CUNHA PEDE AO STF PARA RETOMAR O MANDATO DE DEPUTADO

O deputado federal afastado Eduardo Cunha (PMDB-RJ) pediu ao STF (Supremo Tribunal Federal) nesta quarta-feira autorização para retomar o mandato na Câmara.

Na peça, os advogados de Cunha afirmam que foi ele afastado sob argumento de que, na condição de presidente da Casa, poderia interferir no processo em que é acusado de ter recebido propina do esquema de corrupção da Petrobras.

A defesa sustenta que Cunha renunciou à presidência da Câmara em julho e, por isso, desde então, não há mais motivos para que seja impedido de exercer seu mandato.

Os advogados dizem ainda que a manutenção do afastamento acarretará num desequilíbrio no tratamento dado a Cunha. Isso porque, diz a defesa, há outros políticos alvo da Operação Lavas Jato que não sofreram a sanção imposta ao deputado fluminense.

Retirada a condição de presidente da Câmara, o ora requerente se iguala, material e formalmente, a todos os demais parlamentares sujeitos à persecução penal perante este Supremo Tribunal Federal, seja na condição de réus, seja na condição de investigados“, diz o texto da peça.

O ministro Teori Zavascki, relator dos casos relacionados à Lava Jato no Supremo, determinou o afastamento do peemedebista em maio deste ano, ao acolher o pedido feito pelo procurador-geral da República, Rodrigo Janot.

O PGR, na ocasião, solicitou ao STF que Cunha deixasse temporariamente a presidência e o mandato de deputado.

Como justificativa, Janot listou 11 episódios que, segundo ele, comprovariam a capacidade de interferência de Cunha nas investigações.

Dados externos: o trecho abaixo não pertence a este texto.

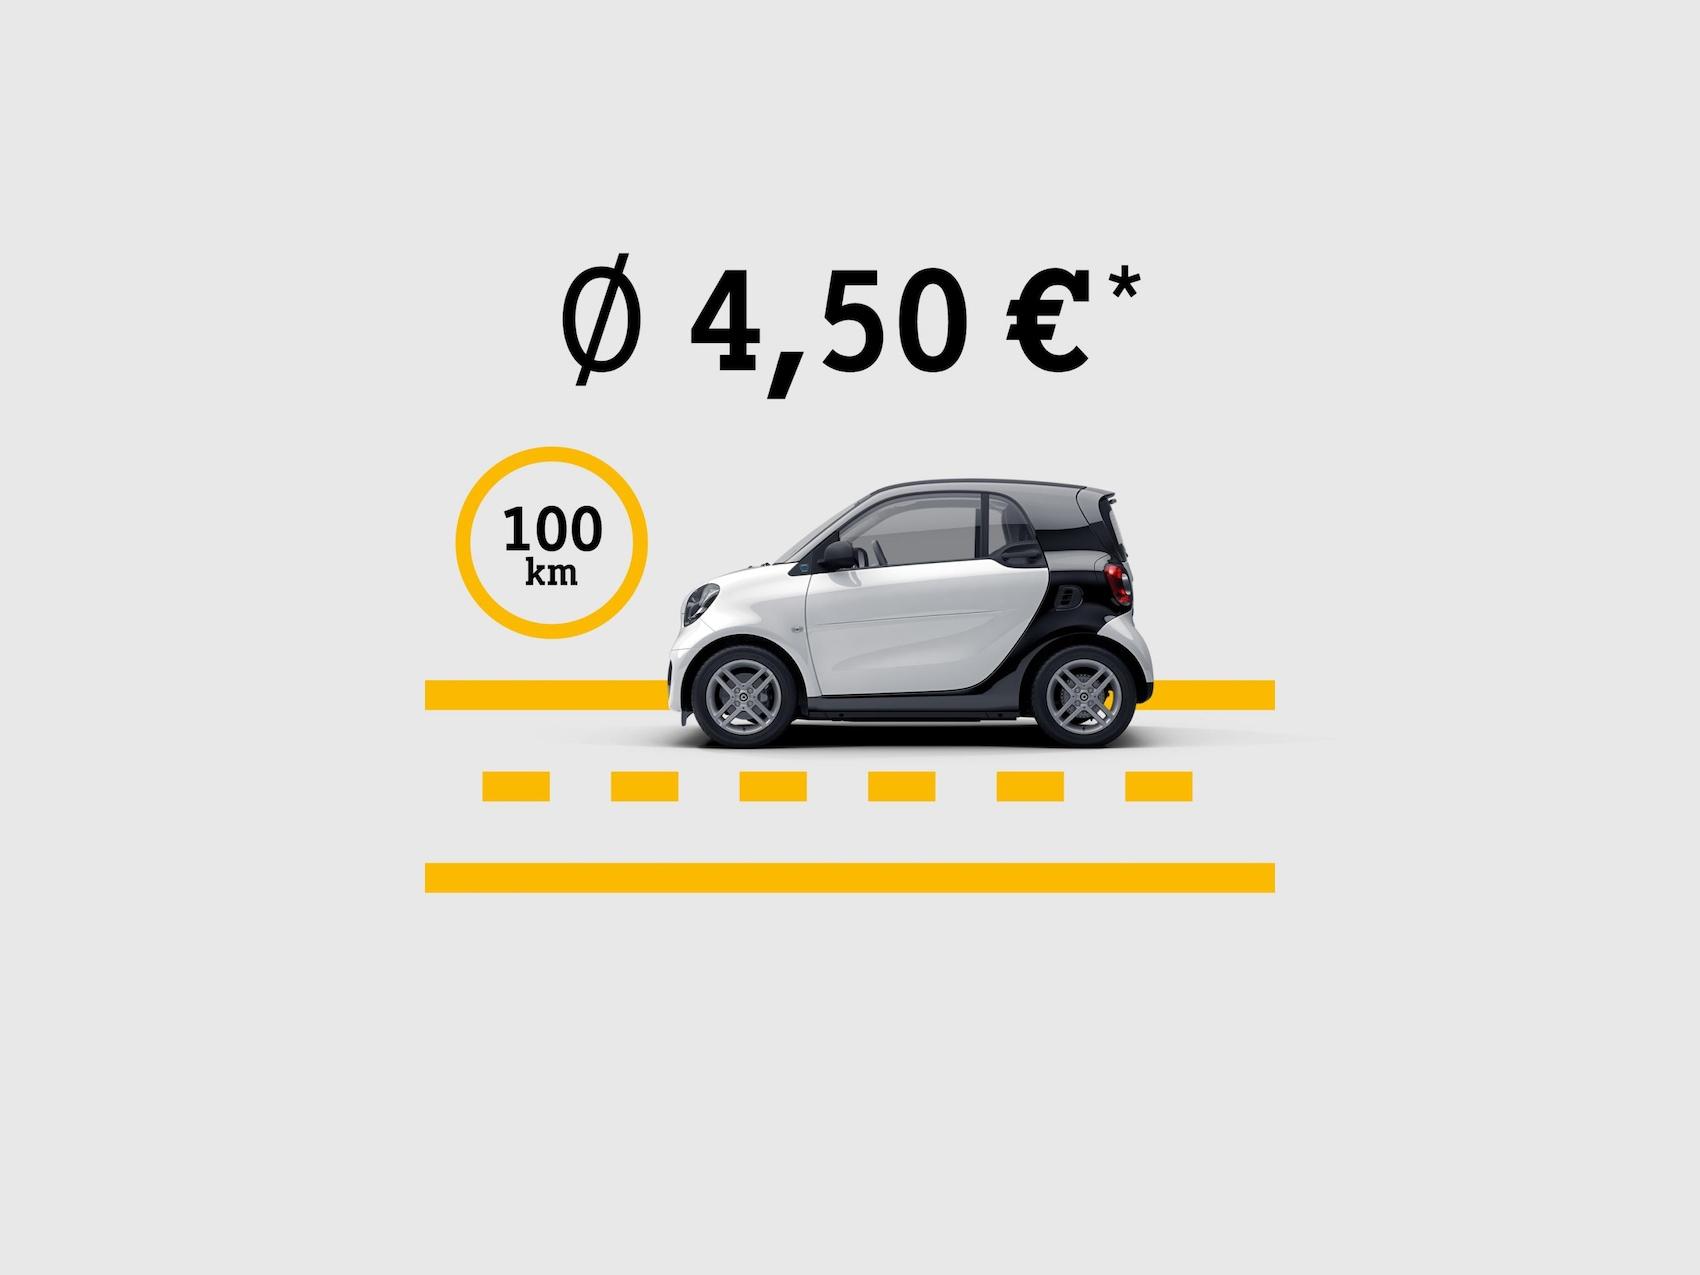 Grafische weergave van de stroomkosten van een smart EQ fortwo, afgebeeld op een tekening van een straat.

Dois deles, no entanto, ocorreram antes de o peemedebista presidir a Casa.

São eles: casos em que aliados do deputado afastado apresentaram requerimentos em comissões da Câmara, com objetivo de pressionar empresários que, conforme a investigação, deviam propina a Cunha ou eram seus desafetos.

‘IMPROPÉRIOS’

No documento enviado a Teori nesta quarta, Cunha voltou a criticar Rodrigo Janot, algo frequente desde que passou à condição de investigado.

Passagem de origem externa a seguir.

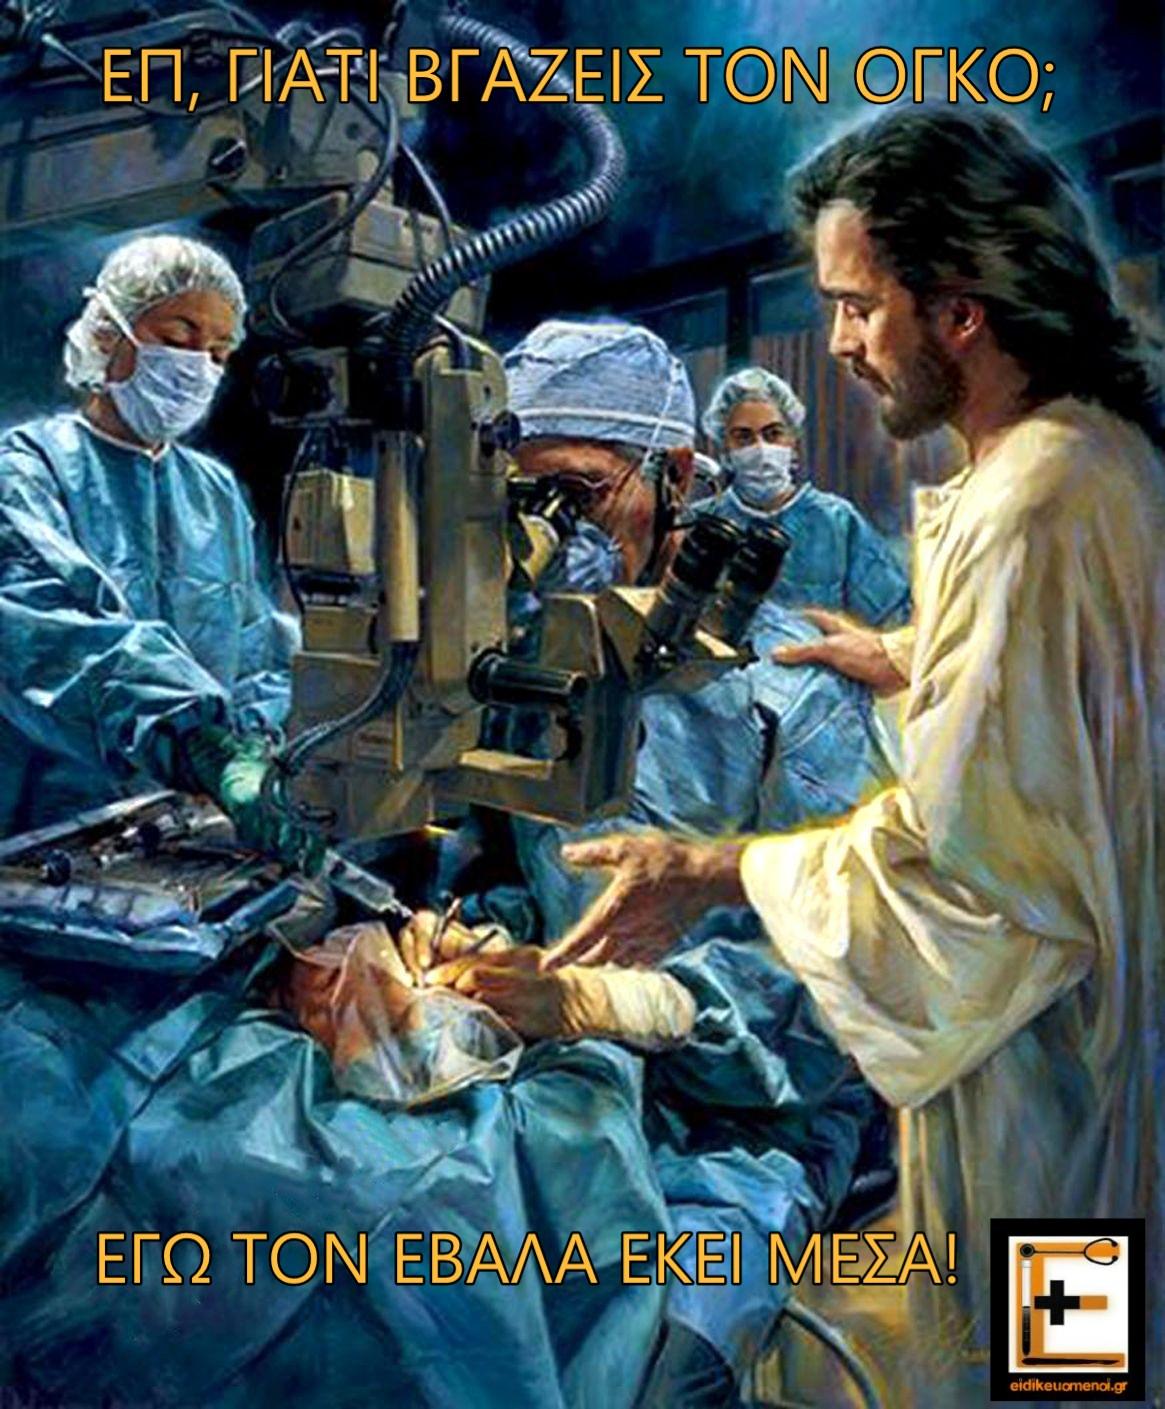 Επ, γιατί βγάζεις τον όγκο; Εγώ τον έβαλα εκεί μέσα! Χειρουργικό μικροσκόπιο, Ιησούς

Os advogados acusam o PGR de usar termos desrespeitosos para se referir ao réu. Ao pedir o afastamento do peemedebista, Janot o classificou como “delinquente”.

O Ministério Público, notadamente no exercício da função acusatória, não deveria exteriorizar seus juízos mediante impropérios que ultrajam a quem se referem“, exemplifica a defesa.